Exercise Verbal Aikido to keep your COOL!



Aikido is a form of martial arts focused on protecting both the attacker and the defender. To perhaps oversimplify: if they’re pushing, pull; if they’re pulling, push.  Push back and you’re creating conflict!

The first technique of verbal aikido is Selective Agreement—look for something you can agree with in what the person is saying.  Too often we’re looking for how we can correct them or disagree with them.  Your fallback phrase?  “You may be right, and…”

The best way to respond to sarcasm is to use Limited Response . Respond only to the words or subject of the remark not the emotion or tone behind it.  Say the words in your head without the tone and respond to them.  That way you don’t get hooked!  And a third technique?  Be the Goat! Practice these and you’ll be better able to coexist with life’s difficult people—stay COOL when things heat UP!

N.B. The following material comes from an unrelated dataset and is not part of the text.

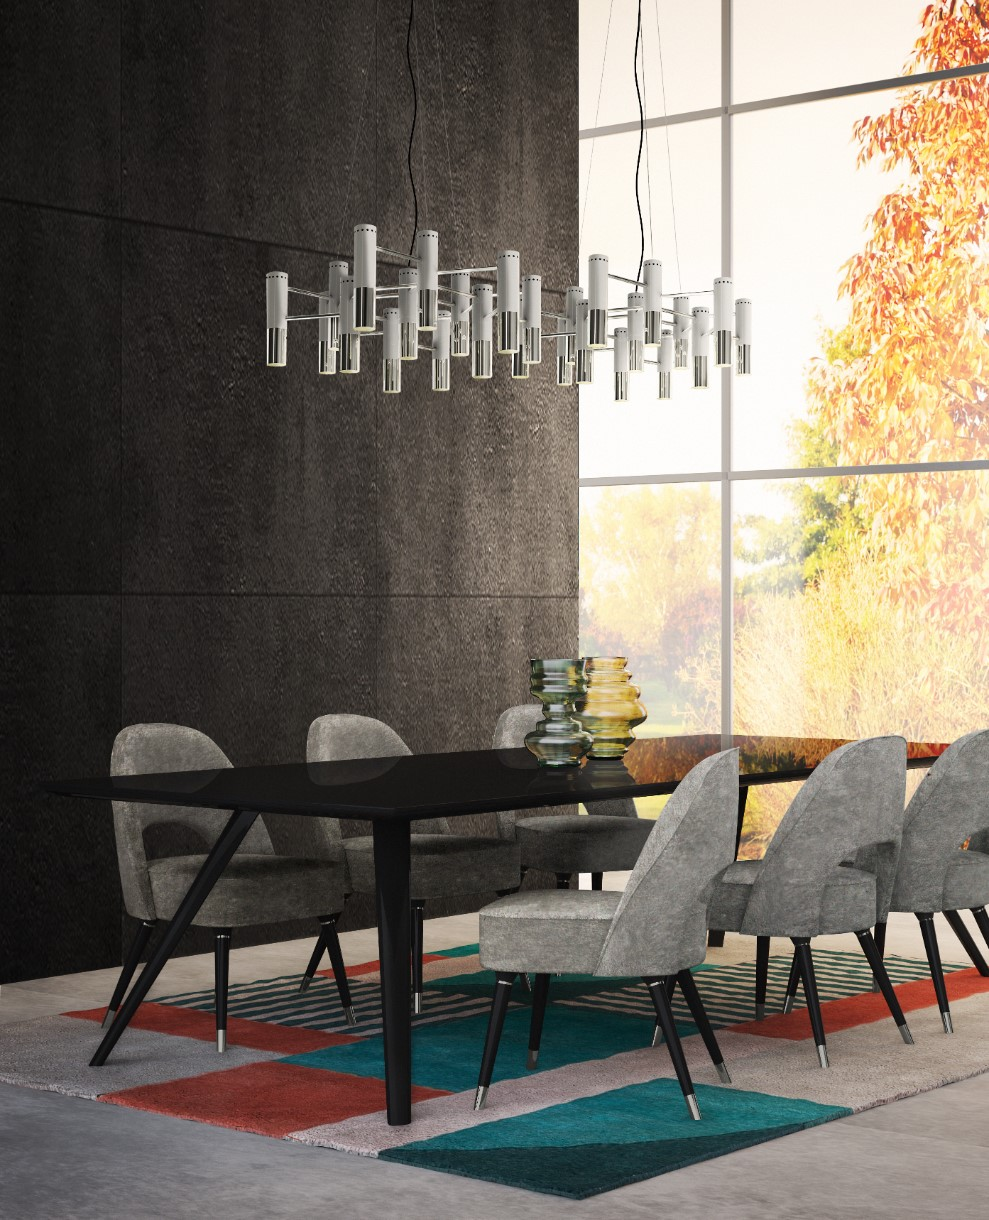 🍽️ Redecorate Your Dining Room Following Carlo Donati's Design Rules! carlo donati 🍽️ Redecorate Your Dining Room Following Carlo Donati's Design Rules! 3 16
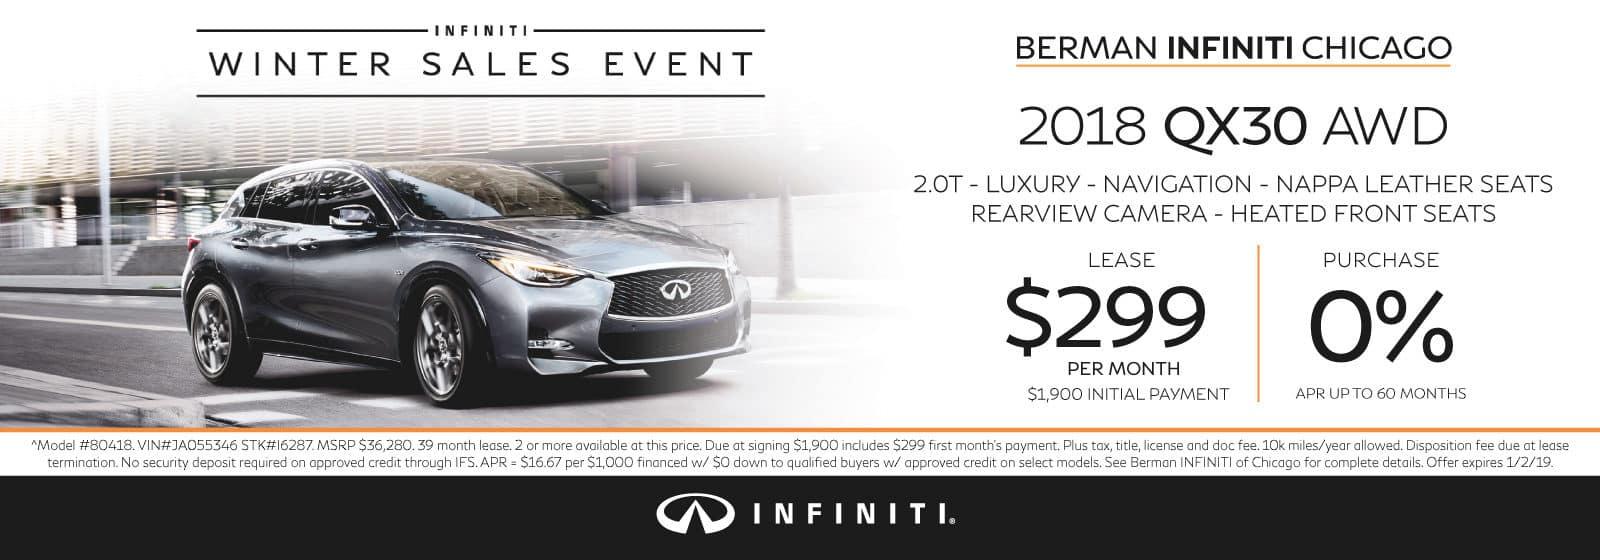 New 2018 INFINITI QX30 December offer at Berman INFINITI Chicago!

Tuesday, February 10, 2015

When things heat up, ask yourself, ‘What’s my intent?’

Before you lose it, stop and ask yourself, “What’s my Intent?”  It’s our purpose—
what we want to have happen.  One of the reason things heat up is we lose sight of our intent.  If we’re going to stay cool, we must constantly ask ourselves, “What’s my intent—what do I want to have happen here?”  It’s very easy to get pulled away from our intent.  In the book, Crucial Conversations, they discuss a number of deviations from our intent—we can see these in ourselves, sometimes, or they can cause us to react to the other person.  Two of the most common ones?   Getting defensive and wanting to win.  Both create conflict.  We need a win-win to stay cool!  Read more in my article http://j.mp/1CHNh95 

Tuesday, February 3, 2015

When Things Heat UP─the way we look and sound have impact!


 
The way we look and sound in a situation—and the way the other person looks and sounds—can have a lot to do with things heating up.  We call this the Process and can look at it from both ‘sides’ when things heat up.  Did the way you looked and sounded when things heated up help escalate the situation?  And, did you react to the other person’s facial expressions and body language or tone of voice?

It can be as simple as being a frowning thinker.  Frowning thinkers look mad!  And sarcasm is all about changing the meaning of the words by changing the tone of voice.  Many of us react to this tone, causing things to heat up!